Except, we don’t. Well, not out of the box for any operating system. Which is the reason this became a blog post. But I need to dig deeper for that.
Quite a while ago somebody donated a set of two 20Gb/s single port and one 10Gb/s dual port Infiniband (CX-4) cards to me. Gullible me (youthful 29 at the time ) thought of 10GbE for free at the time, but it turns out, it’s not that easy with the quad-lane Infiniband architecture. First of all, there’s 8b10 encoding that is not included in the marketing figures. Boom, 20% of performance gone. Second, one would like to set up a IPoIB (IP over Infiniband) connection so that it’s behaving just some run-of-the-mill network connection like your GBase-T network card. Well, that can hurt performance badly. And third – one needs drivers for these cards. Which is why I see Mellanox as a Wan Hung Lo company. OK, I have to admit that these Infinihost 3 / ConnectX(-1) cards are pretty old and EOL for ages, which probably is the reason I got them basically for free. I don’t expect support for these at all, no improvements, no drivers for new operating systems. But I expect them to offer at least the last version of the driver when the device was still under support. Nope. They not only wiped their website clean of any drivers, they also asked Oracle to remove already implemented support in Solaris. Which, given the
shithole customer-friendly, non-profit company Oracle has proven to be, they probably did. I just googled to verify my bold claims and found firmware on the Mellanox page, which I didn’t find at the time. Could be my bad googling skills, could be the train wreck website. Not sure. Still, drivers are gone, and you’ll most likely not code your own.

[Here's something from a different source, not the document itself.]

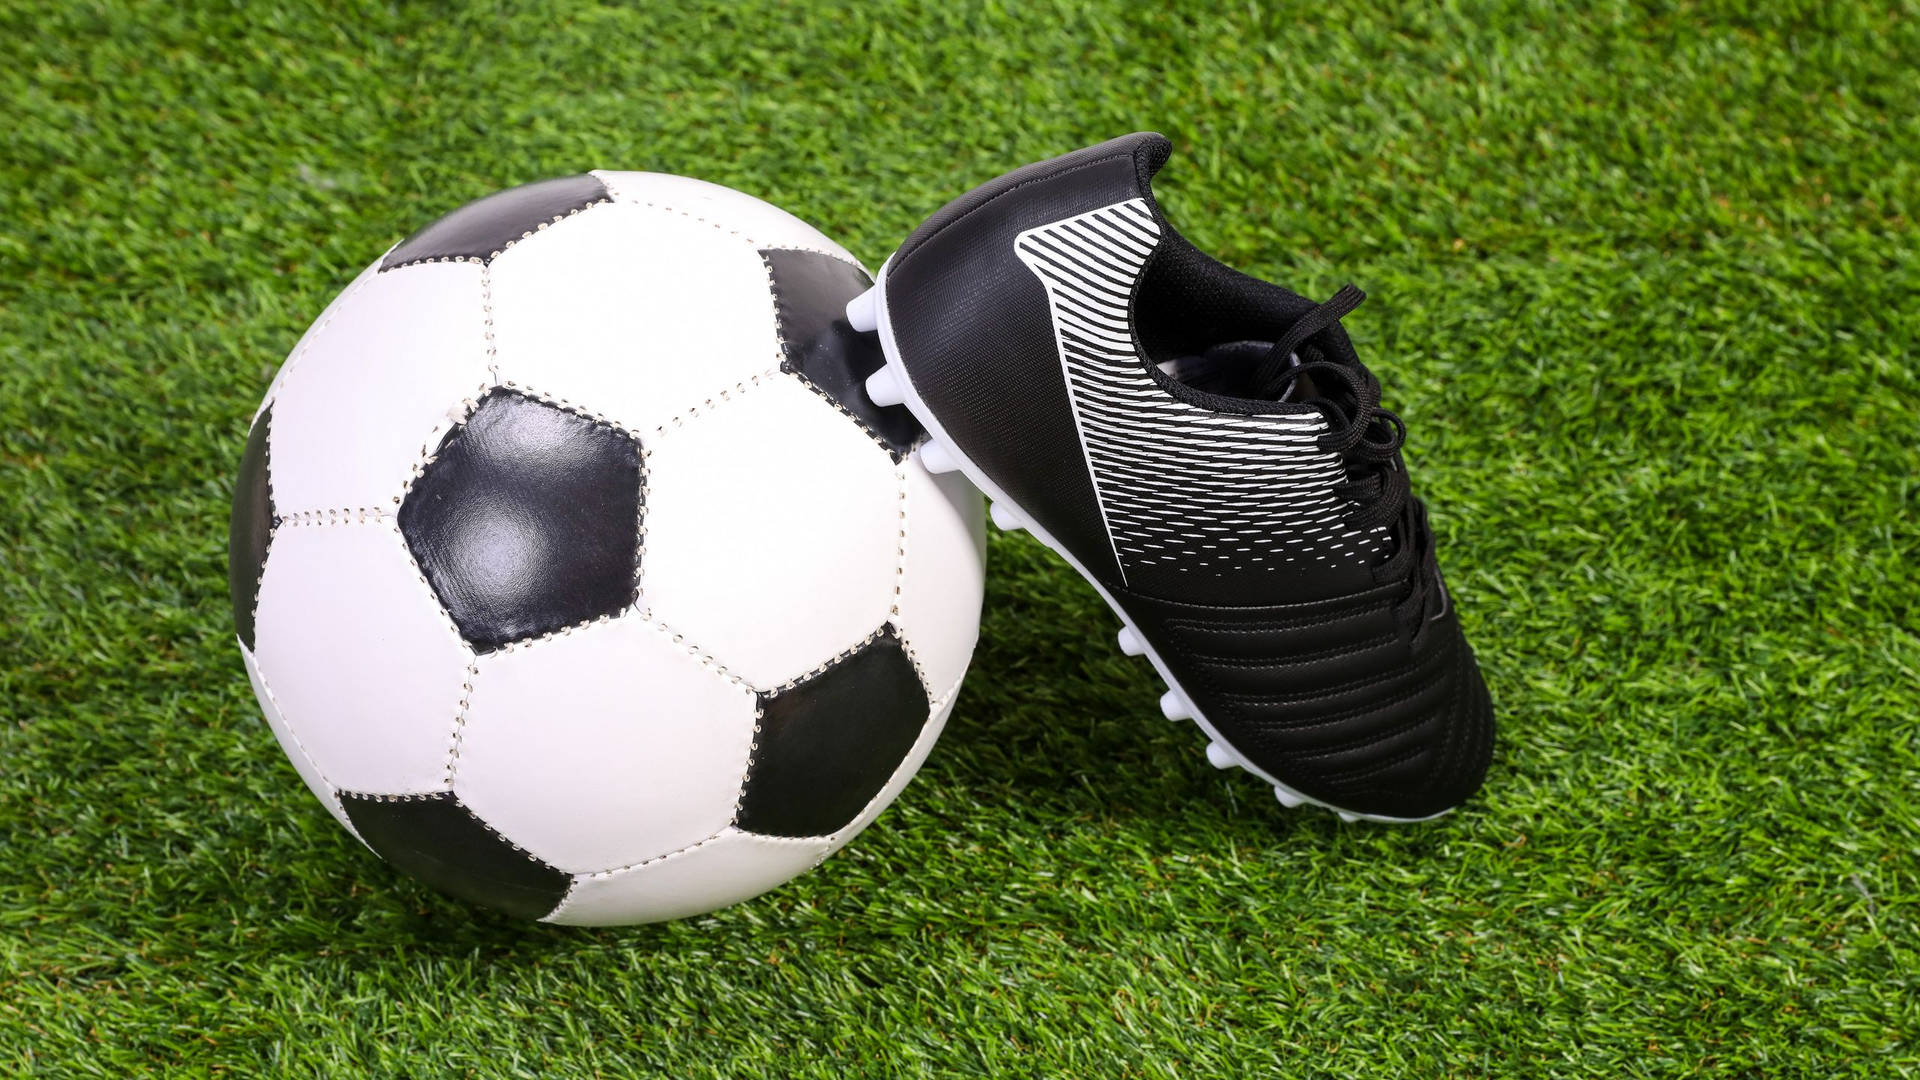 2560x1440 Soccer Ball And Shoe Wallpaper

So for Windows, one could use the OpenFabrics OFED drivers – which do work, but I never made it even close to 8 (or 16!) Gb/s. It’s more like a double or triple GBase-T, so 2-3 Gb/s tops. Still a vast improvement, but certainly below what Infiniband should be capable of. AFAR Linux worked out of the box, but performance wasn’t much better. So I never found out if that was just a driver-side thing or a limitation in IPoIB use. And Solaris..well, nope. So recently I decided to donate it to someone else, just like a lot of other stuff. My post office loves me.
10Gbase-T was a hot candidate as a replacement. Cheap cabling, working with anything else just fine, probably consumer-level boards available in a few months (TR4/2011 platforms “already” have single boards with 10T onboard). But when it comes to Solaris, there’s the same driver problem like with the EOL cards: Support? Nope, buy proper (not too) modern hardware! The Oracle Hardware Compatibility List is pretty…short. And I haven’t heard from anybody that got one of the “new” Aquantia AQC107-based cards (ASUS XG-C100C and lots of others, even Aquantia themselves wanted to release something and participate in the popularity of these cards) to work with Solaris. A few exotics aside, there’s only one choice, and that is Intel NICs. X540, X550. Don’t get onboard X552 ones, they are too new and not supported either. Thing is: One X540 costs 200€, one X550 even 300€. Two cards required, Cat6 cabling is basically free (in stark contrast to CX-4 or, to some extent, DAC and fibre). Furthermore, 10Gbase-T is much more power-hungry than any other technology, and one of the machines will run quite a few hours per day. So in the end I decided against RJ45 and in favour of SFP+ ports. Even though that will forever be an island solution and never interface to the entire rest of the network at home. On the other hand, this very connection never was intended to be part of the network. It was isolated from the beginning, having the file server as offline as possible. If the NSA wants to get in, they probably have to bitbang over the mains.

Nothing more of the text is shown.